International Women's Day

Hofmann and Moreno on Intimate Economies

Susanne Hofmann and Adi Moreno, editors of Intimate Economies: Bodies, Sexualities, and Emotions on the Global Market, discuss intimate economies in the context of sexism, racism and xenophobia.

In the past months we have seen intensifying trends towards an acceptance of sexism, racism, and xenophobia in the United States and Europe. Movements and organizations that promote “family values,” pro-natalism, and hetero-normativity receive extensive media attention, official approval, and governmental financial resources. Within this social climate of hostility toward women’s rights, sexual difference, and diversity, it is more important than ever to talk back and support the struggles of intimate laborers, who utilize their sexuality, bodies, and emotions to generate income.

In the face of limited access to well-paid work opportunities, women all over the world resort to intimate labor as one option to get ahead in life and improve their livelihoods. Often, women combine their search for more and better-paid work opportunities with migration to rich countries where they can access higher wages. However, rigid border enforcement and immigration regimes have in recent years complicated women’s international mobility considerably, exposing many to dangerous journeys and reliance on migration facilitators. While public debates focus on the vulnerability of women who migrate, the responsibilities of the state and the role of capitalist practices are often obscured.

Despite trajectories of political mobilization, intimate workers have repeatedly been ignored by governments and received little societal support. This year, for instance, sex workers were included for the first time in the International Women’s Day demonstration in Argentina. They joined the women’s strike on the 8th of March in Buenos Aires to denounce and protest their continuous criminalization, stigmatization, and prosecution. The women refused to work on that day in order to demand labor rights from the state. They wanted to put an end to working in secrecy and request a legal framework that would allow them to access rights.

In light of current debates around the banning of reproductive commerce in many countries across the Global South, intimate laborers who provide reproductive services have had difficulties making their demands for the protection of their rights heard. The experiences and reasoning of women involved in reproductive commerce continue to be excluded from public debate, and therefore the meaning and values of trade in gestation, gametes, and reproductive means remain uncontested. The needs and rights of reproductive workers are currently not seriously being addressed; and, as a result, exploitation, harm, and perilous practices are common.

With many political measures currently directed toward stopping support for feminist organizations worldwide (organizations that provide women with access to effective and affordable birth control among other services), it is clear that women’s reproductive rights are currently being fiercely contested again. Just like the rights to contraception and safe abortions, reproductive services should be viewed from the vantage point of women who provide such services. Therefore, an agenda that resists stigmatizing intimate laborers, while paying attention to the harm and risk that are often involved in intimate markets, seems more relevant than ever.

Our edited collection Intimate Economies: Bodies, Emotions and Sexualities on the Global Market provides examples of gendered ways of using sexual, affective, and bodily capacities to achieve personal socio-economic advancement. In conjunction with persisting economic inequalities between the Global North and South, intimate economies have expanded throughout the globe, but especially in contact zones, in which actors from economically unequal backgrounds meet (such as international borders, tourism locations, or biomedical laboratories).

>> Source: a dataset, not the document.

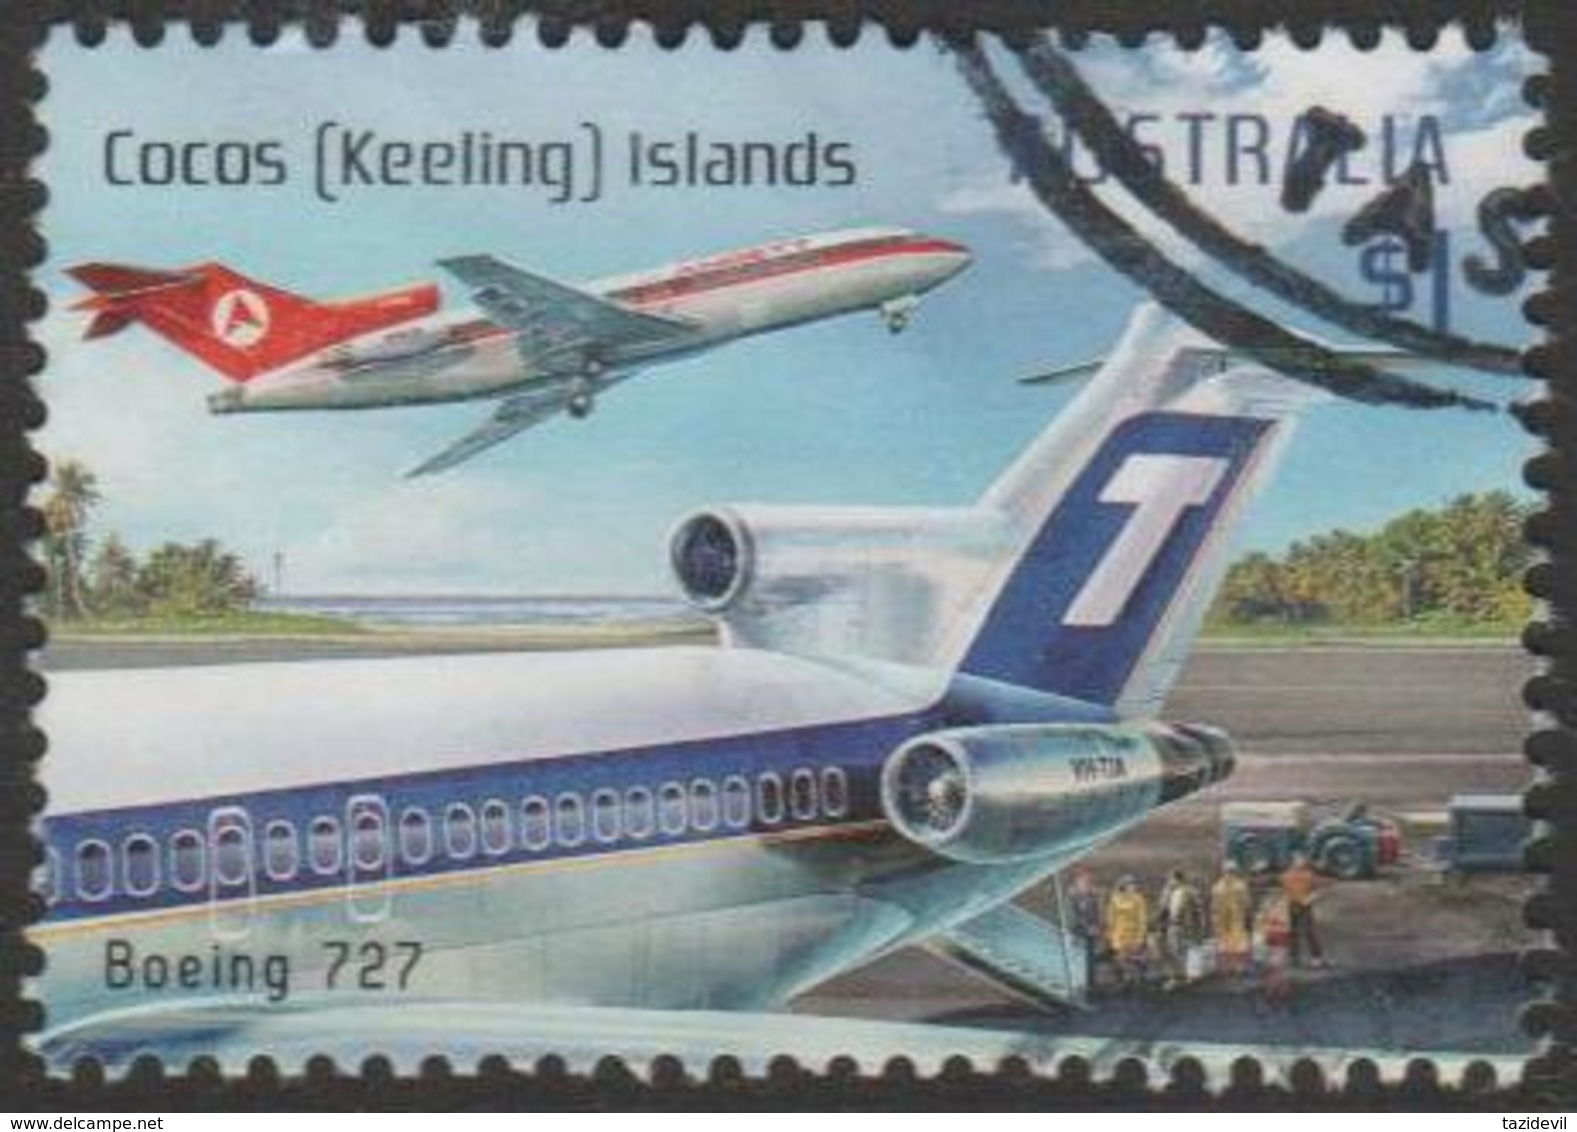 COCOS (KEELING) ISLANDS - USED 2017 $1.00 Aviation - Boeing 727 - Aircraft - Kokosinseln (Keeling Islands)

The contributions to this book exhibit the ambivalences of placing one’s intimate capacities on the market. Whilst the intimate economy has become a major economic niche for workers from the Global South, the bodies and affective qualities of intimate workers become resources for the self-actualization of affluent elites, be it through the enjoyment of sexual services or the provision of babies for purchase.

Our collection is not about deciding or arguing over whether or not to commercialize intimate aspects of oneself is right or wrong. Rather, our book seeks to foreground the perspectives of people who take part in markets for intimate and embodied trade. From their accounts we can learn in what ways technologies, legal regulations, and social contexts matter to the lived experiences of people involved in intimate work. We can also learn about what we can do to help improve their labor conditions. Instead of focusing on combatting intimate economies, it matters that we respect intimate laborers, value their work, contribute to end societal stigma against them, and be reliable long-term allies in their fight to secure rights to safety at work, bodily integrity, and secure migration routes.


Susanne Hofmann is currently guest professor at the Institute for Migration Research and Intercultural Studies (IMIS) at the University of Osnabrück. Her research explores training schemes on human trafficking prevention in Brazil and Mexico.

Adi Moreno is a research fellow at the Haifa Feminist Institute. Her research interests involve family practices, assisted reproduction markets and non-normative forms of parenting in the Israeli LGBT community.